Только уже входя в темноватую переднюю, заставленную полками книг, вдруг вспомнил Миша, что напомнила ему эта фамилия: яркое солнце в замерзшее стекло вагона, огромных драконов на синем-синем небе, быстрые веселые глаза, громкий смех, румяное лицо, раздуваемые ветром светлые волосы Таты Ивяковой, когда она стояла на площадке уходящего поезда, приветственно крича что-то Мише.
Веселой тревогой забилось Мишино сердце, когда входил он в узкую, длинную комнату, с высоким, как в каюте, окном почти у потолка.
— Сейчас барин выйдут, — сказала горничная и ушла.
По стенам висели снимки с картин Боттичелли, над роялем маска Бетховена; старинная тяжелая мебель, свечи в люстре, видное в окно одно только небо — все это говорило о какой-то другой, особой жизни, далекой, отдаленной от городской суеты. Было во всем что-то тихое и старомодное, как и в самом Александре Николаевиче Ивякове, который, шаркая кожаными туфлями, вышел из соседней комнаты.
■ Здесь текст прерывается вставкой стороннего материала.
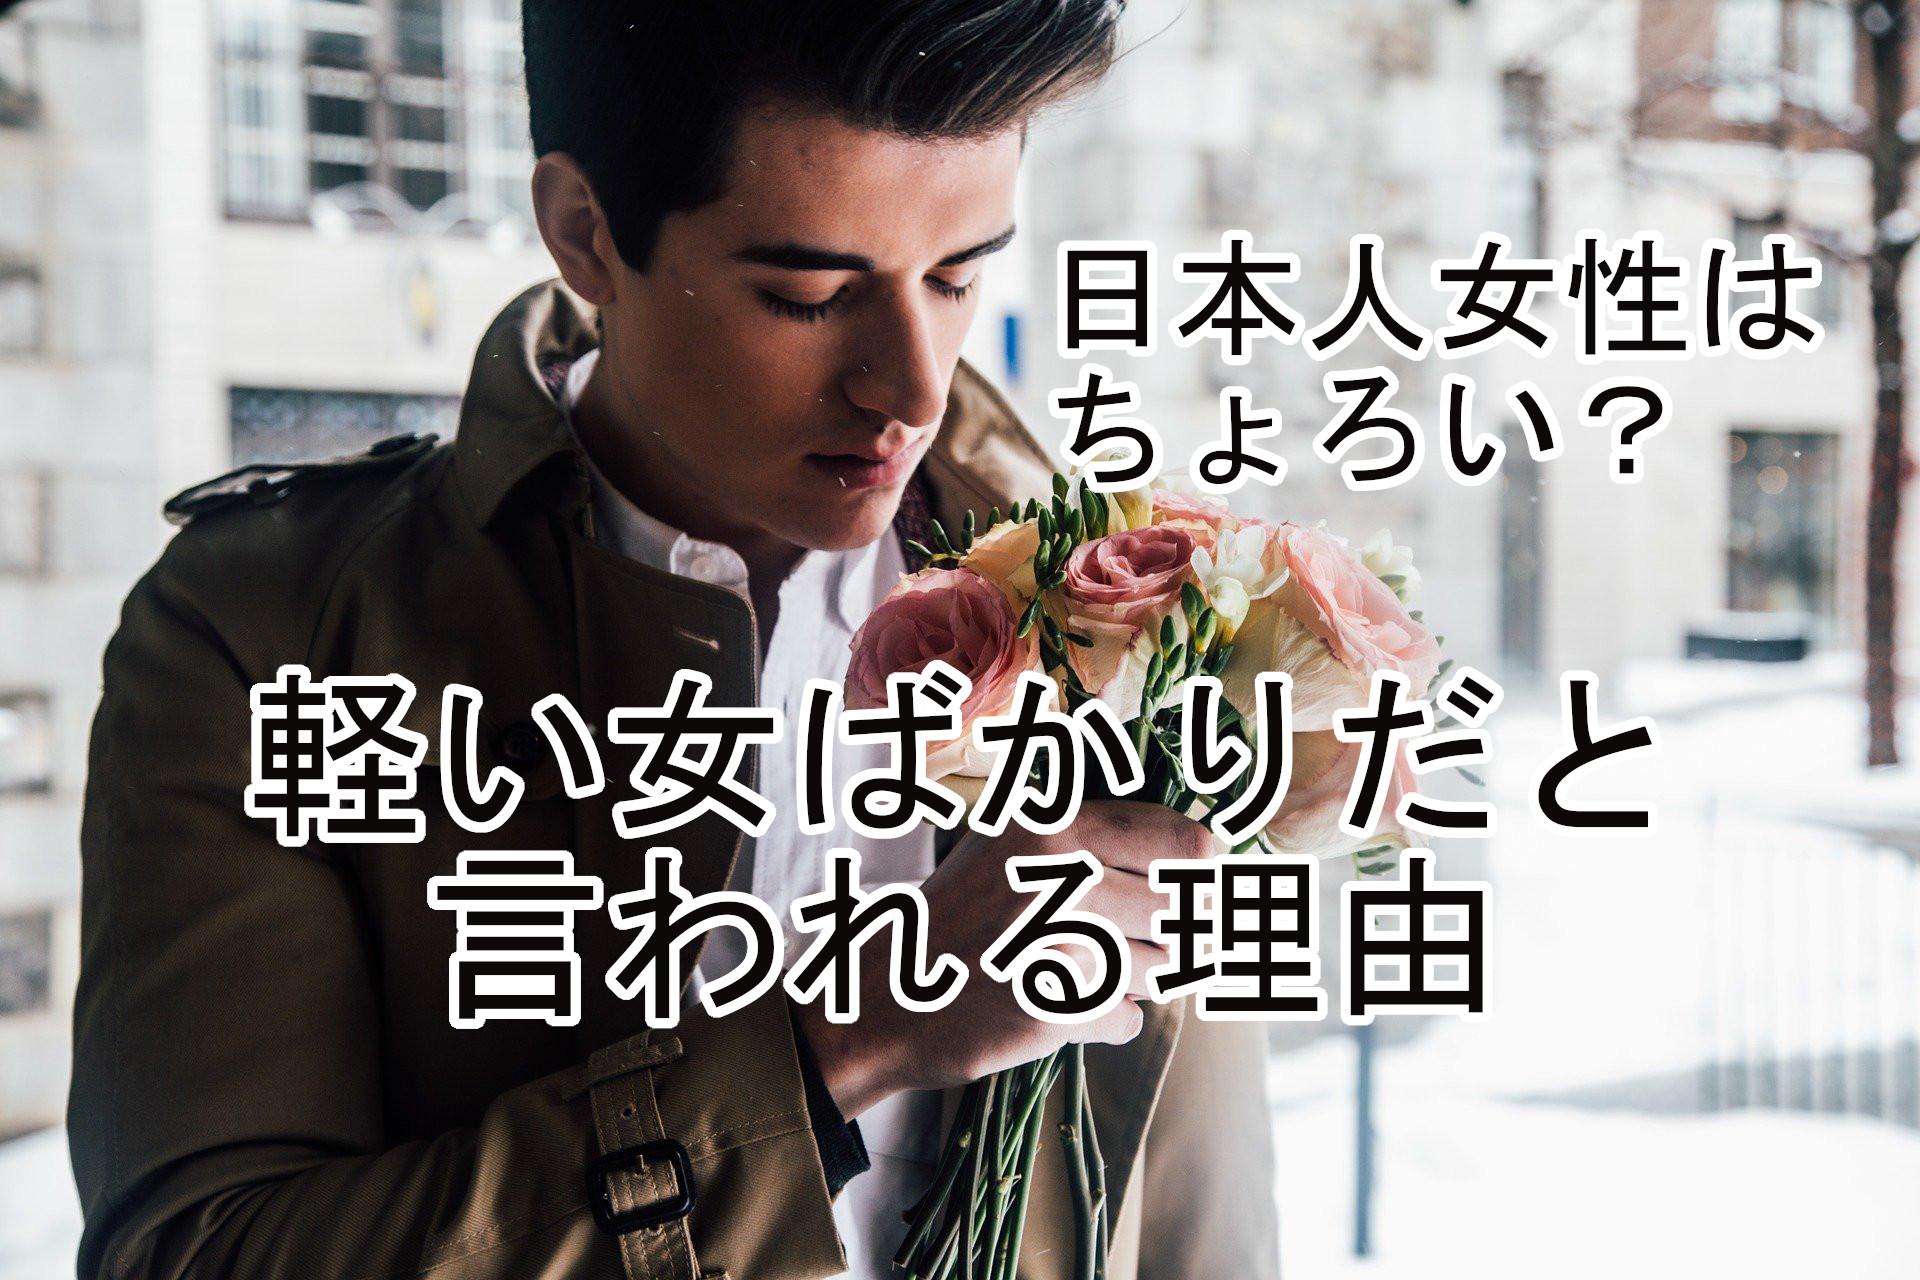 日本人女性はちょろい?軽い女ばかりだと言われる理由をワーホリの経験から分析
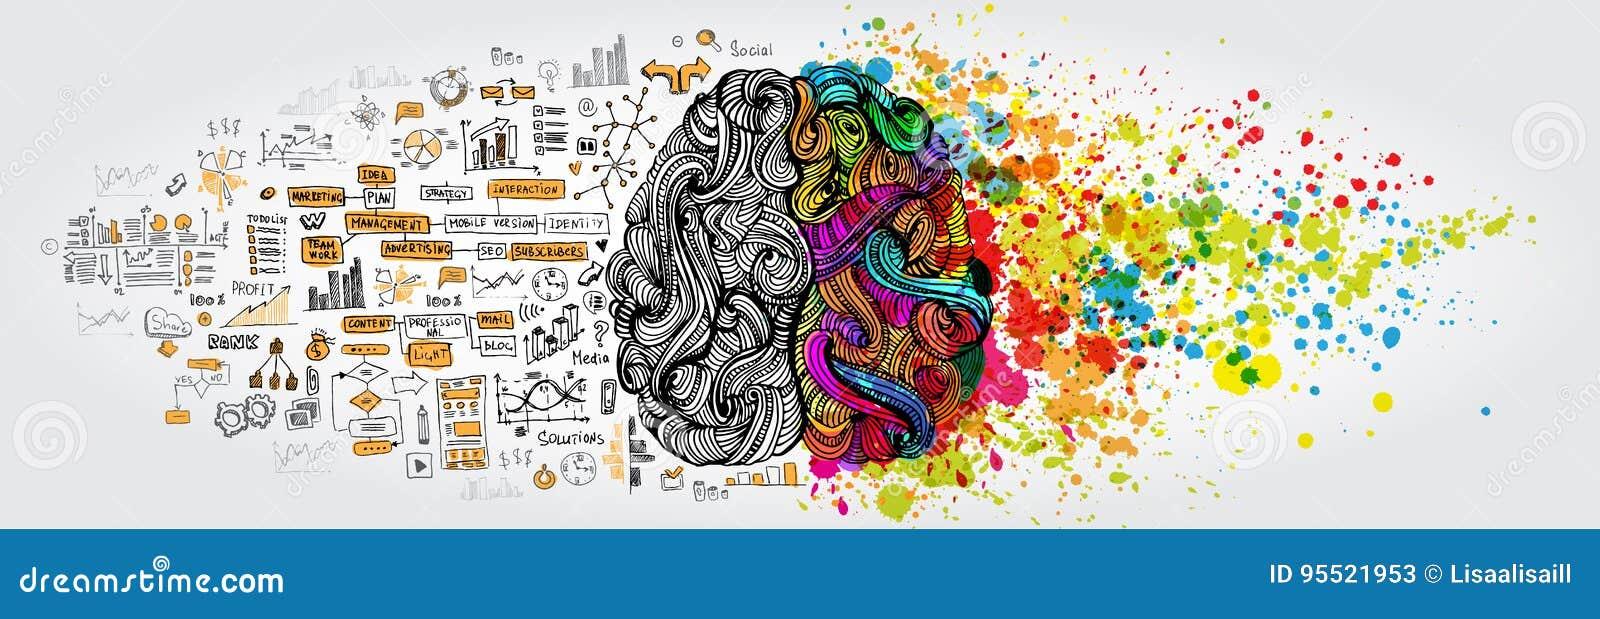 Από τα αριστερά προς τα δεξιά ανθρώπινη έννοια εγκεφάλου Δημιουργικό μέρος και μέρος λογικής με κοινωνικό και την επιχείρηση dood

— Вы от Геннинга?.. Молодой поэт? — спросил Александр Николаевич, подходя совсем близко к Мише, не отпуская его руки и заглядывая ему в лицо близорукими, блестящими из-под очков глазами.
— Нет, я художник. Меня прислал Кучеров к вам с поручением, — запинаясь, ответил Гавриилов, смущенный.
— Ах, художник от Кучерова, художник. Ну, пойдемте ко мне, — разбирая седоватую бороду, такую длинную, что казалась приклеенной, говорил рассеянно Александр Николаевич и пошел в соседнюю комнату, повторяя: — Художник… От Кучерова, художник. Ну, побеседуем.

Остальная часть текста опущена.